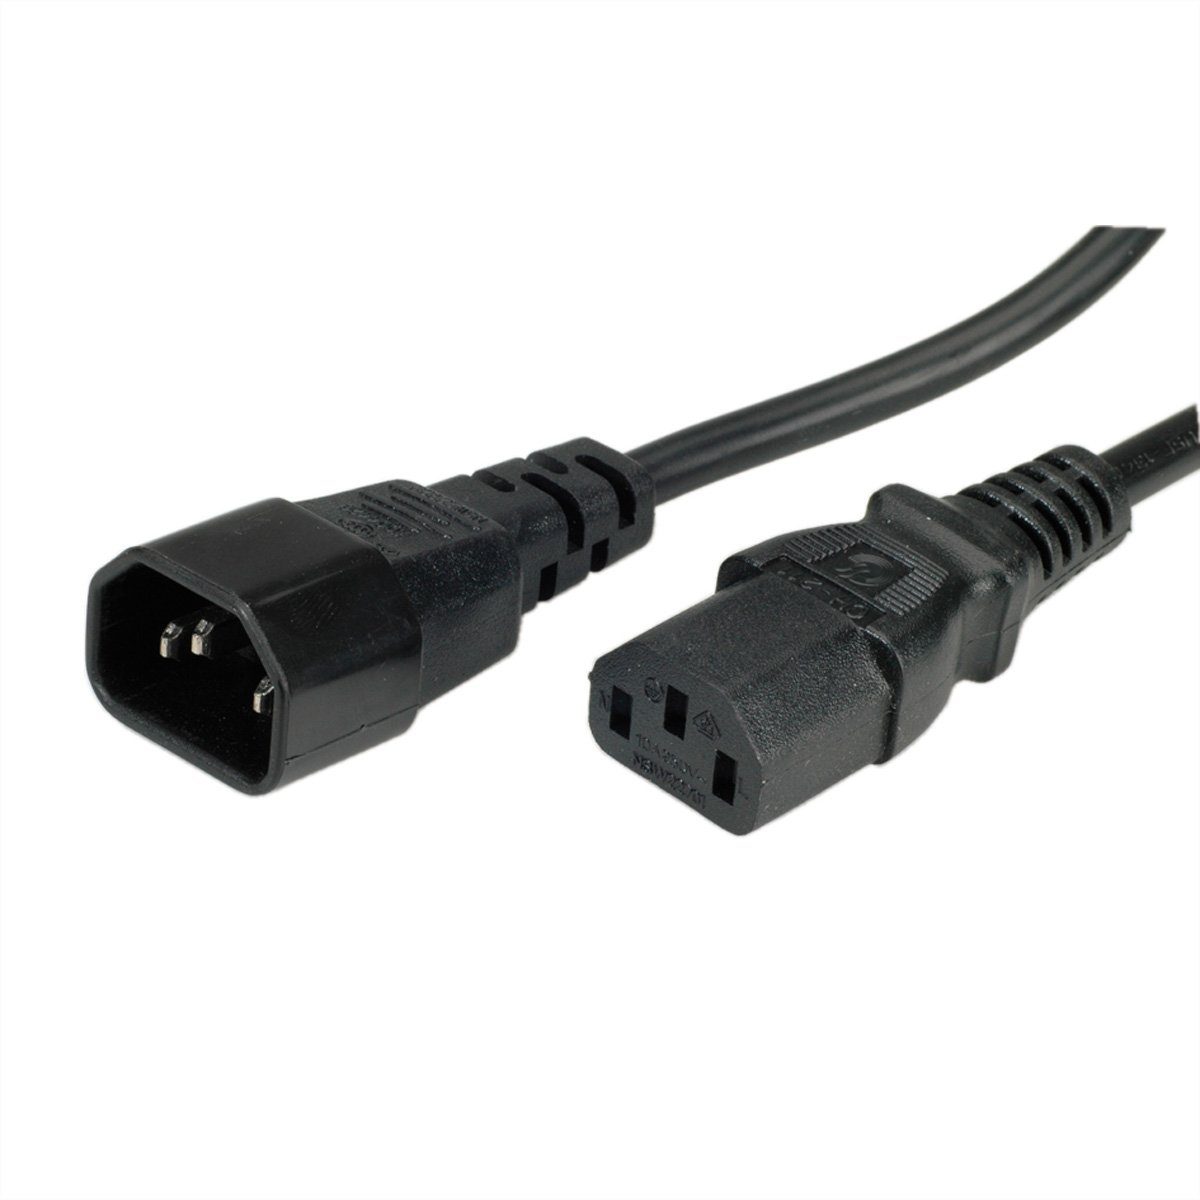 Bachmann Kaltgeräte-Kabel 2,5m schwarz IEC320 C13-C14 Stromkabel, IEC320 C14, Kaltgeräte, 10A Männlich (Stecker), IEC320 C13, Kaltgeräte, 10A Weiblich (Buchse) (250.0 cm)
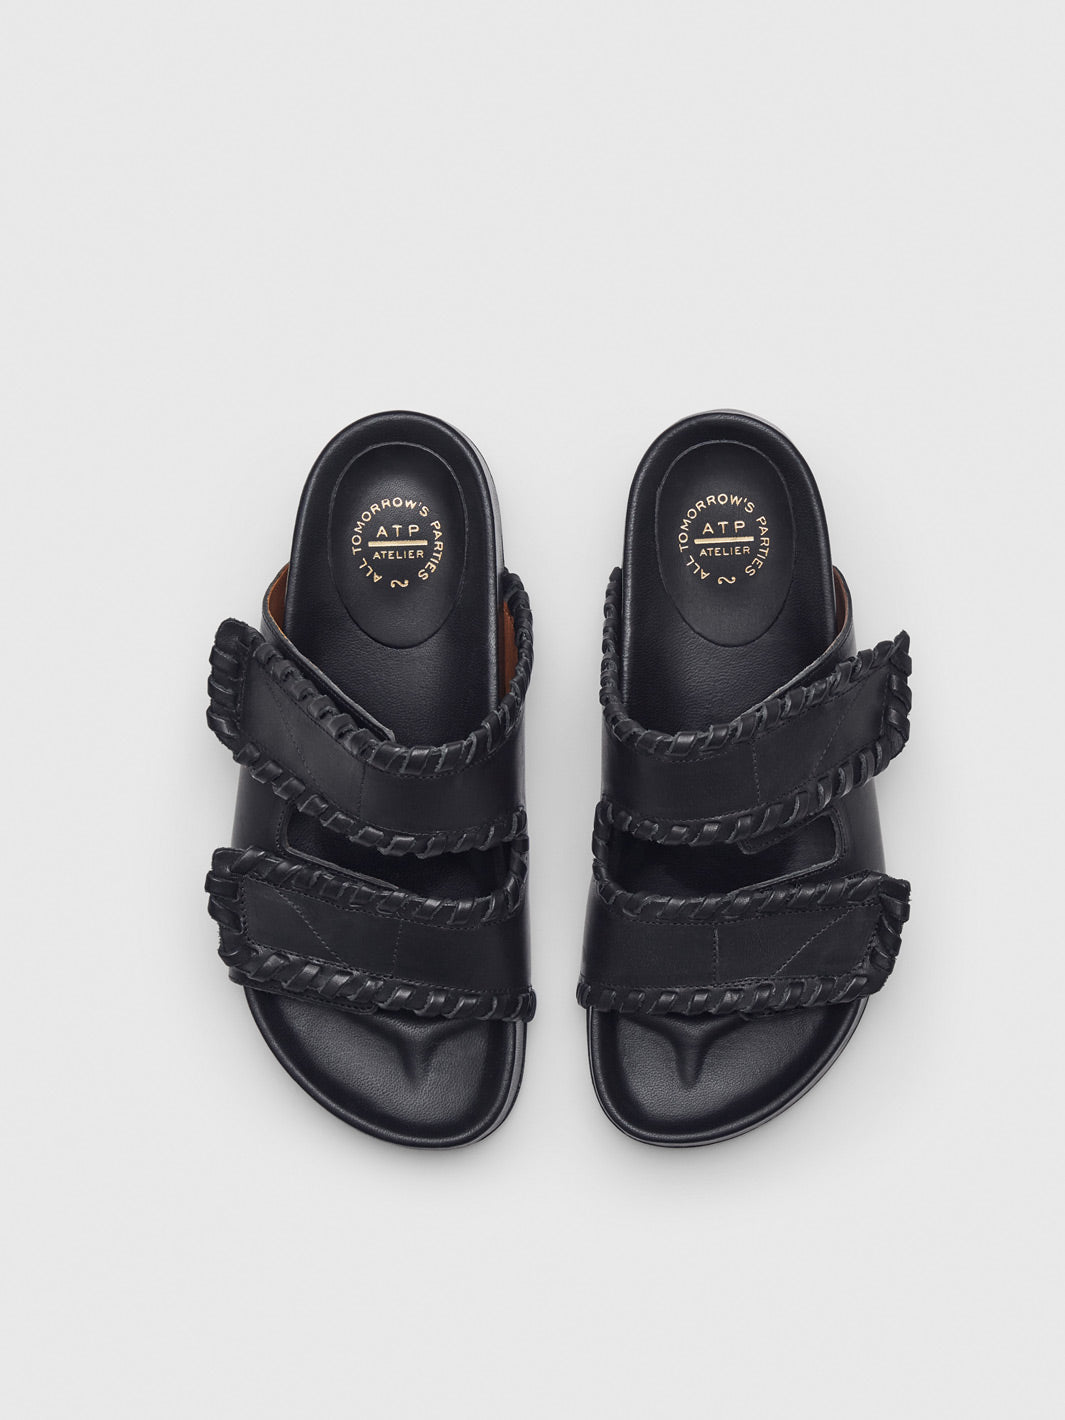 Furlo Stitch Black Leather Comfy sandals
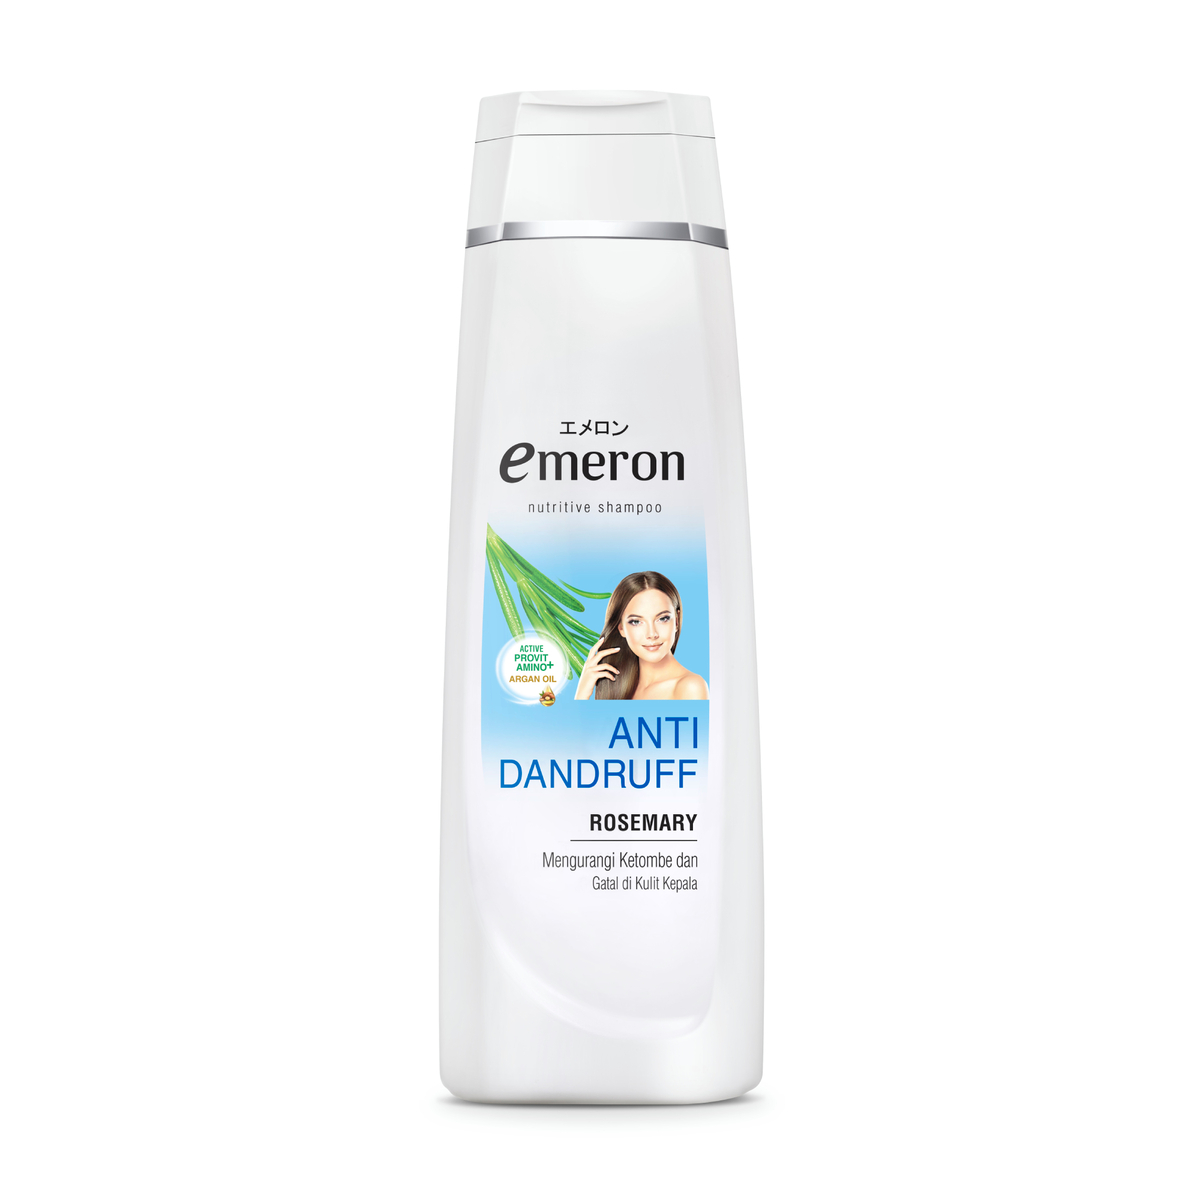 Emeron Shampoo Anti Dandruff Botol 170ml
┄┄┄┄┄┄┄┄┄┄┄┄┄┄┄┄┄┄┄┄
Your goal: Write the data above out exactly. Leave out any pictures.

Result for this exercise:
 Bachmann Kaltgeräte-Kabel 2,5m schwarz IEC320 C13-C14 Stromkabel, IEC320 C14, Kaltgeräte, 10A Männlich (Stecker), IEC320 C13, Kaltgeräte, 10A Weiblich (Buchse) (250.0 cm)
 Furlo Stitch Black Leather Comfy sandals
 Emeron Shampoo Anti Dandruff Botol 170ml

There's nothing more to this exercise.